Can Anyone please clearify this?
Thank You
Probably, there's some plagiarism checking or similar thing going on and thus the results aren't technically "finalized". But according to the rules you have qualified.
I found this one https://vstrimaitis.github.io/google_codejam_stats
Slides with constructive solution for E: https://github.com/Errichto/youtube/blob/master/GCJ/2020/qual/E-slides-construction.pdf
Video explanation for all 5 problems: https://www.youtube.com/watch?v=KbXk_-M0kw8&list=PLl0KD3g-oDOG7cBqmx0NMqmemM5uDohwH
For problem D, can someone explain for me why just querying once could find the answer? It makes no sense at all since after the first query, the array already changes.

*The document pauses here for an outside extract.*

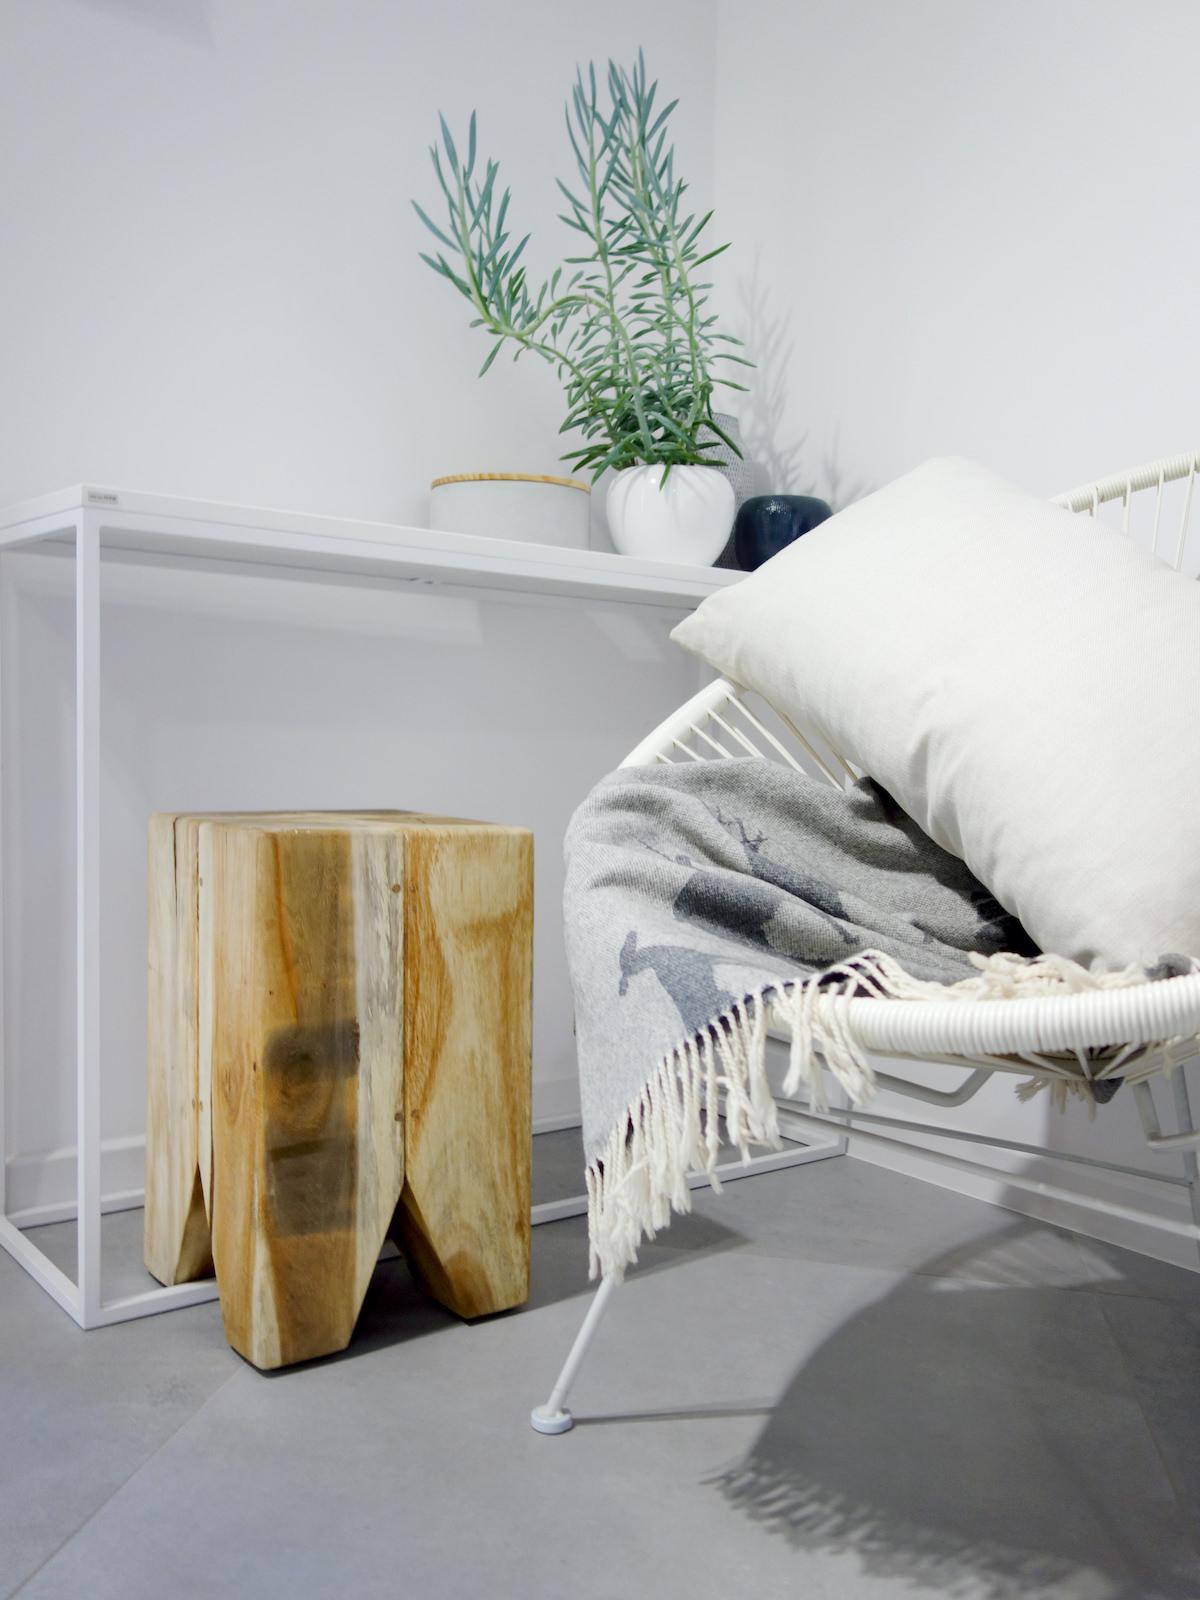 2 projektant wnetrz R056 dom dabrowa gornicza hol detal bialy fotel drewniany stolek

the array changes just before you get answer to the first query so you can assume that the first change is after 10-th query.
Gentle Reminder: Round 1A starts in 12 hours.

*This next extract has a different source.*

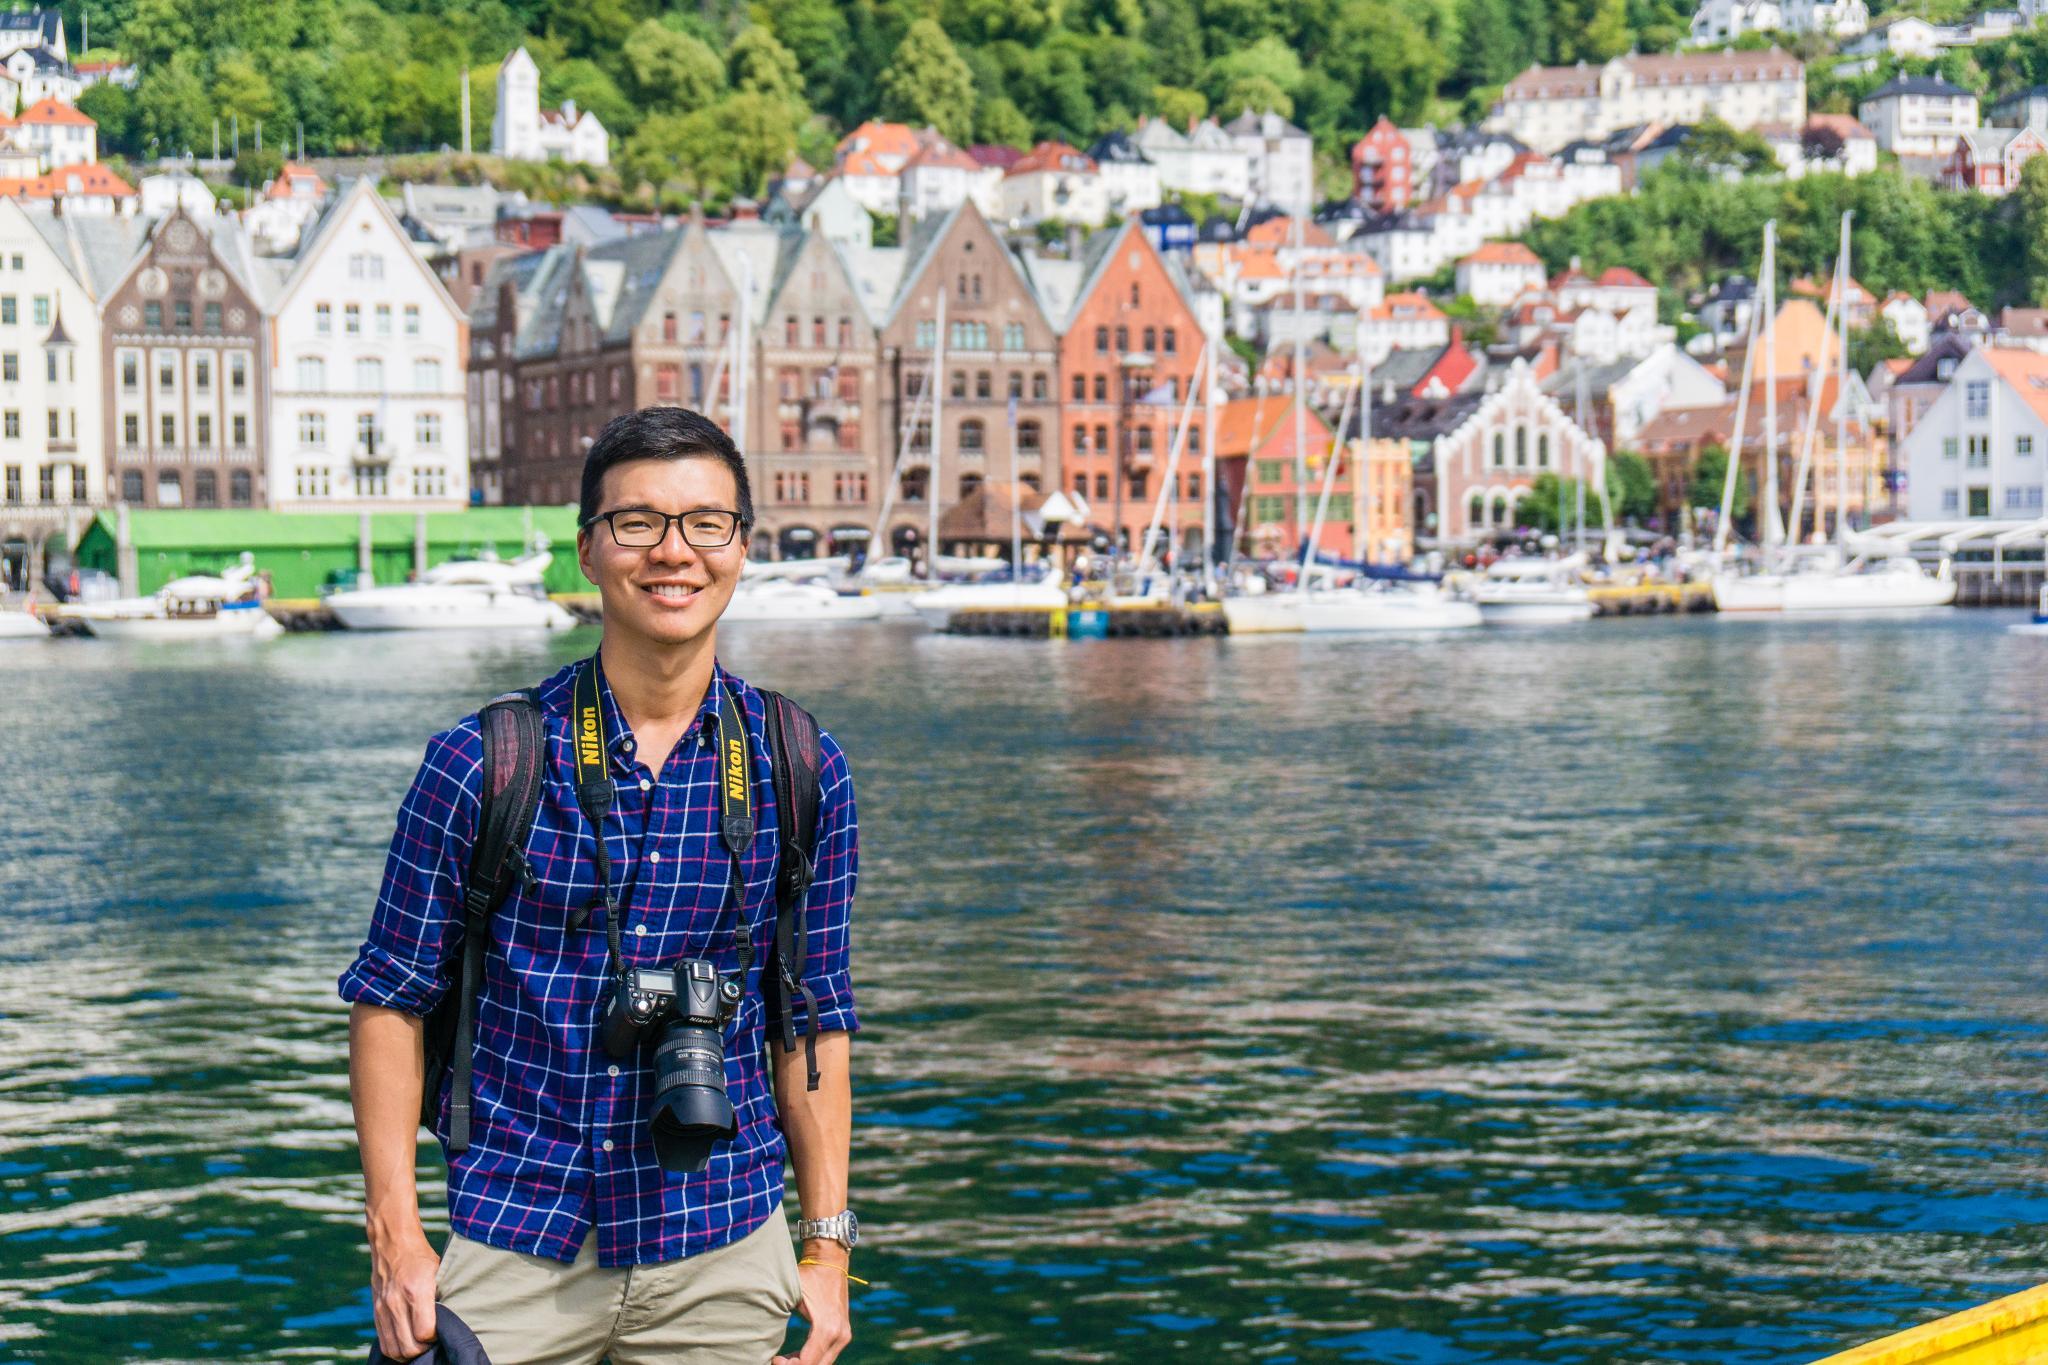 【卑爾根】Bryggen 世界遺產布呂根 — 迷失在百年歷史的挪威彩色木屋 37

Can I participate in Round 1B if I did not participate in qualification round and 1A?
If you haven't participated in qualification round then you are not qualified to Round1. However, for those who qualified in Round1 and they did not take part on Round1A, they are allowed to take part in Round1B.
I just received the following mail: (TL;DR: Codejam World Finals will be online)

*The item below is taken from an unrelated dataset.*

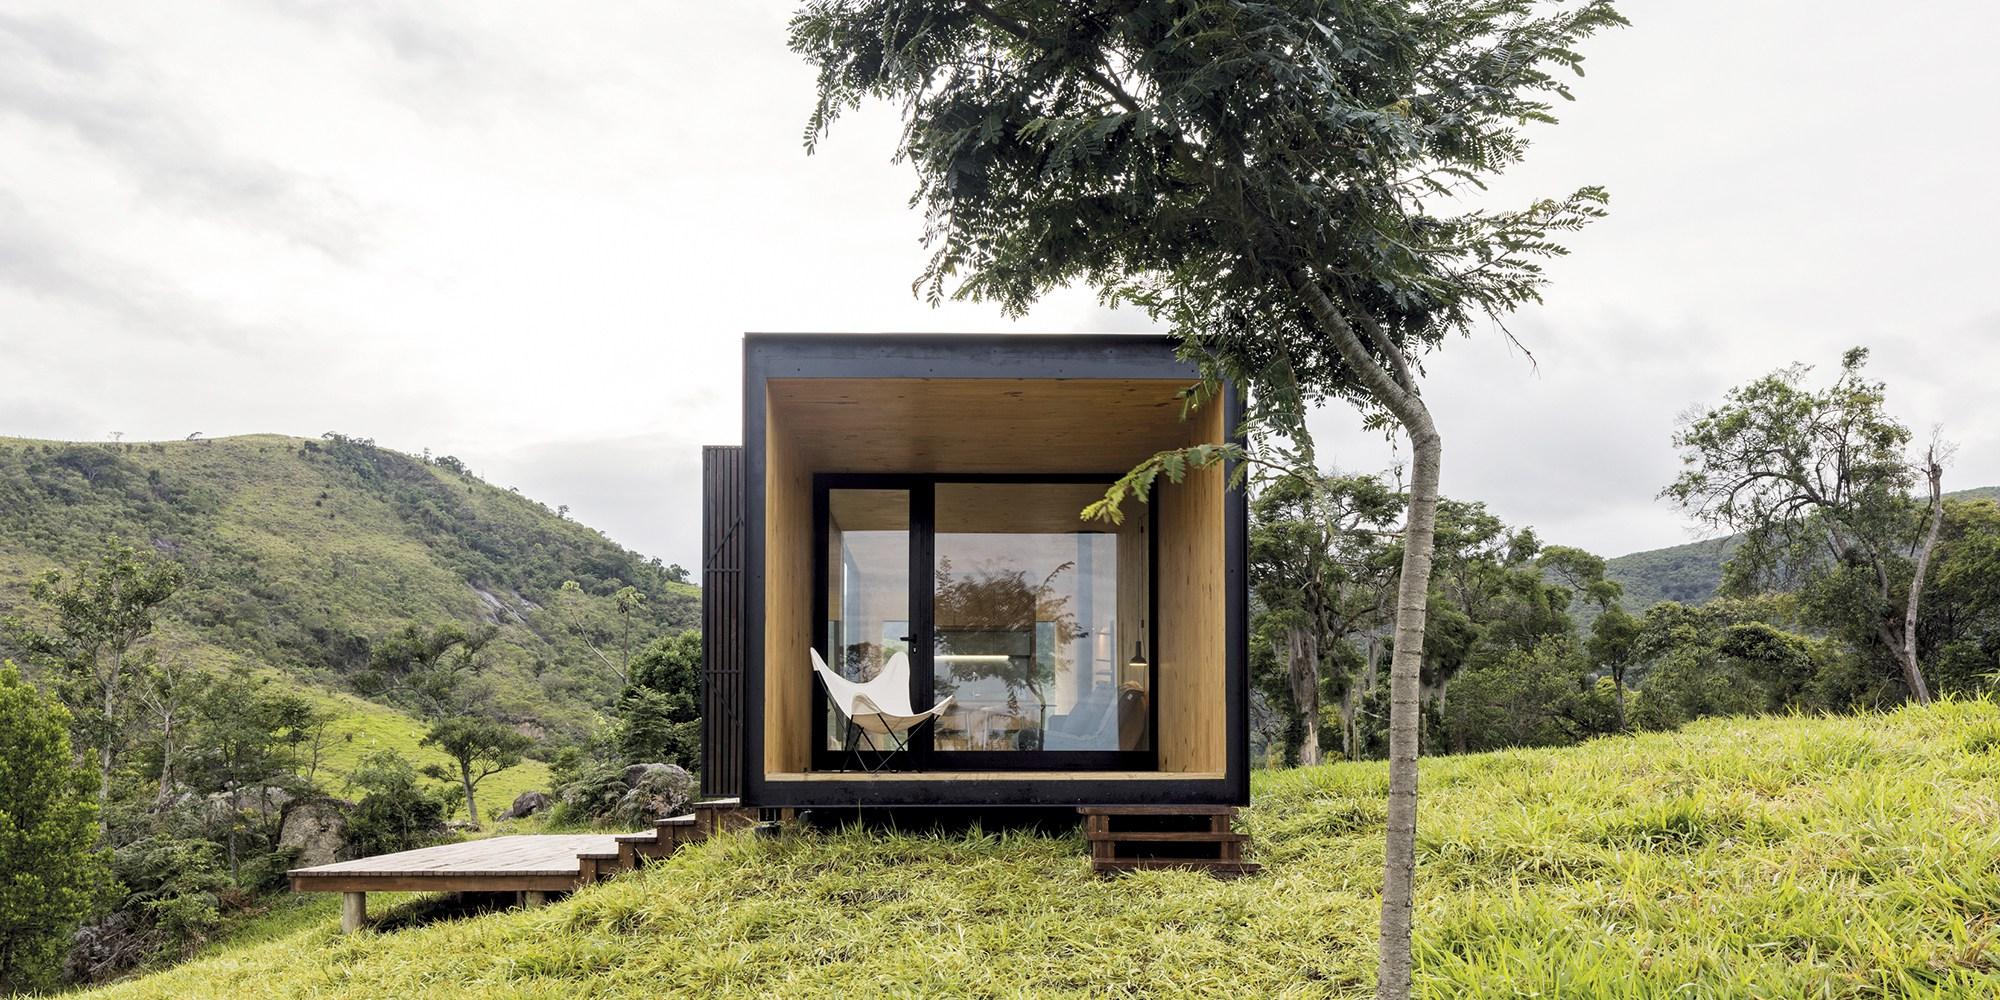 Tiny House Prix M2 tiny house: vivre plus libre dans de minuscules maisons

"Hello, We wanted to provide an update regarding the Code Jam World Finals. We‘ve been closely monitoring the coronavirus (COVID-19) situation and after very careful consideration, we’ve decided the Code Jam World Finals will be entirely virtual this year taking place on Aug 8 at 13:00 UTC.
While we’re disappointed that we won’t be able to connect in-person in Munich, the health and safety of all finalists and volunteers is our top priority. We're still working out the details, but we'll be in touch again soon.
Please note that Round 2 and Round 3 will proceed as planned during their scheduled dates/times.
We will keep our Code Jam website updated with additional information. If you have any questions please contact [email protected].
See you in Round 2, and best of luck! - The Code Jam Team"
I hope that this means that they can consider slightly increasing the number of finalists, to maybe say 50 like before!
"I hope that this means that they can consider slightly increasing the number of finalists, to maybe say 50 like before!" — that would certainly be an interesting idea
Or let's go back to 2008, where 100 finalists took part in the onsite contest!
So that now I will be outside top-50 instead of top-25? No thanks, being outside top-25 is embarassing enough.
There's also a possibility to invite top (x-1), where x will be your position in round 3.
Judging by current CF ratings. E(X)=2.
But to be honest, I believe that the number of finalists won't be changed, because the rules for this year were already established.
If you try real hard, I believe that you can think of another established rule of the competition that was broken because of covid-19.
True, but there is a difference in changing the rules that in current circumstances are impossible to hold.
Maybe that is true. But I see value in changing the number of finalists, considering that Google invites top 100 contestants to onsite even for Codejam to I/O for women, and that field is definitely weaker than the open Codejam. Now they don't even have cost constraints, which should make it much easier for them to have more people participate. (If there are issues with cheating, rules such as in the Magnus Carlsen Invitational in chess can be established — webcam all around the coding arena keeping everything clearly visible, etc)
I think it will also make for a much more interesting Round 3 — last year, I see that 500 people had non-zero scores, with only 598 people participating out of 1000. That means that many people like me probably scheduled something else on their weekend which was more worthwhile than a long shot at top 25.